Why does (1 in [1,0] == True) evaluate to False?

When I was looking at answers to this question, I found I didn’t understand my own answer.

I don’t really understand how this is being parsed. Why does the second example return False?

``````>>> 1 in [1,0]             # This is expected
True
>>> 1 in [1,0] == True     # This is strange
False
>>> (1 in [1,0]) == True   # This is what I wanted it to be
True
>>> 1 in ([1,0] == True)   # But it's not just a precedence issue!
# It did not raise an exception on the second example.

Traceback (most recent call last):
File "<pyshell#4>", line 1, in <module>
1 in ([1,0] == True)
TypeError: argument of type 'bool' is not iterable
``````

Thanks for any help. I think I must be missing something really obvious.

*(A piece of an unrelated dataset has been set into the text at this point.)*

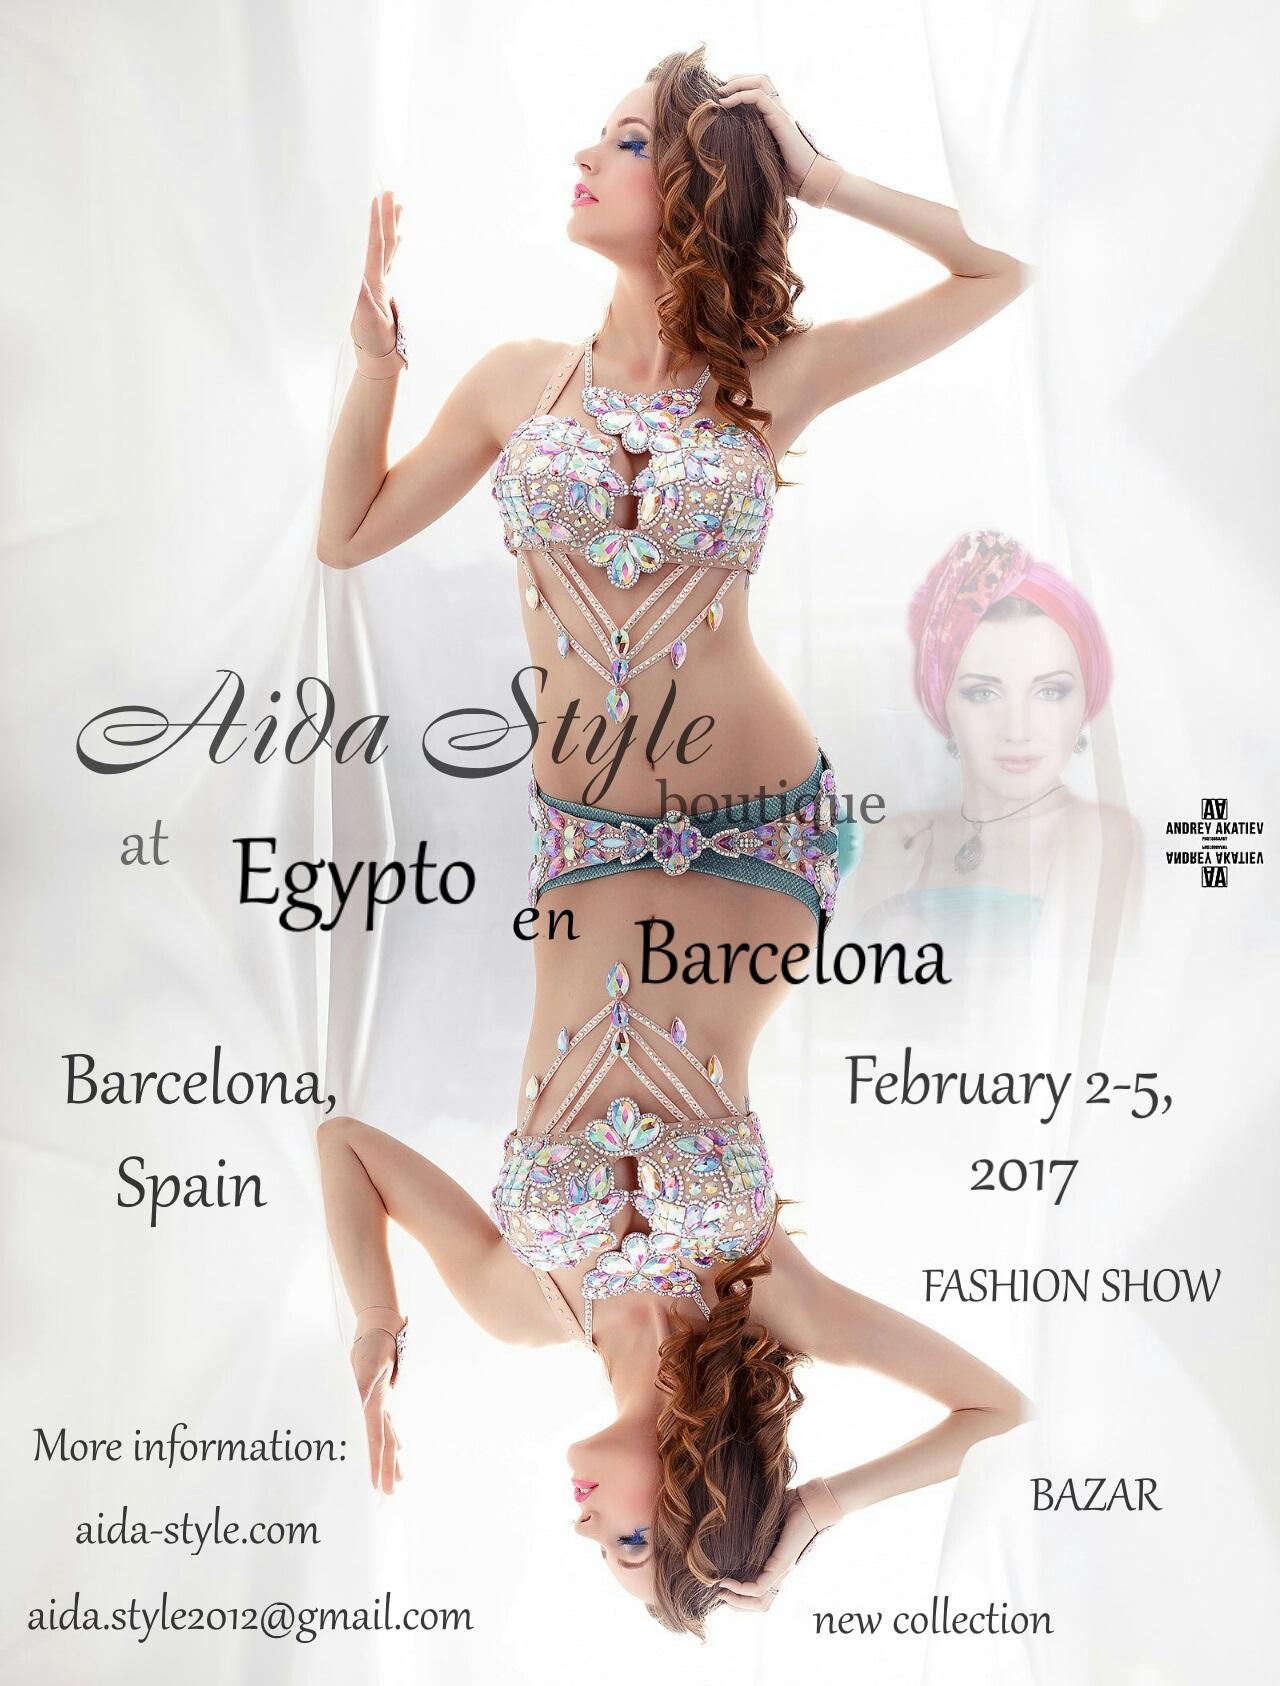 Aida Style costumes in Barcelona, at Egypto in Barcelona, Munique Neith belly dance festival

I think this is subtly different to the linked duplicate:

Both questions are to do with human comprehension of the expression. There seemed to be two ways (to my mind) of evaluating the expression. Of course neither were correct, but in my example, the last interpretation is impossible.

Looking at `0 < 0 == 0` you could imagine each half being evaluated and making sense as an expression:

``````>>> (0 < 0) == 0
True
>>> 0 < (0 == 0)
True
``````

So the link answers why this evaluates `False`:

``````>>> 0 < 0 == 0
False
``````

But with my example `1 in ([1,0] == True)` doesn’t make sense as an expression, so instead of there being two (admittedly wrong) possible interpretations, only one seems possible:

``````>>> (1 in [1,0]) == True
``````

Python actually applies comparison operator chaining here. The expression is translated to

``````(1 in [1, 0]) and ([1, 0] == True)
``````

which is obviously `False`.

This also happens for expressions like

``````a < b < c
``````

which translate to

``````(a < b) and (b < c)
``````

(without evaluating `b` twice).

See the Python language documentation for further details.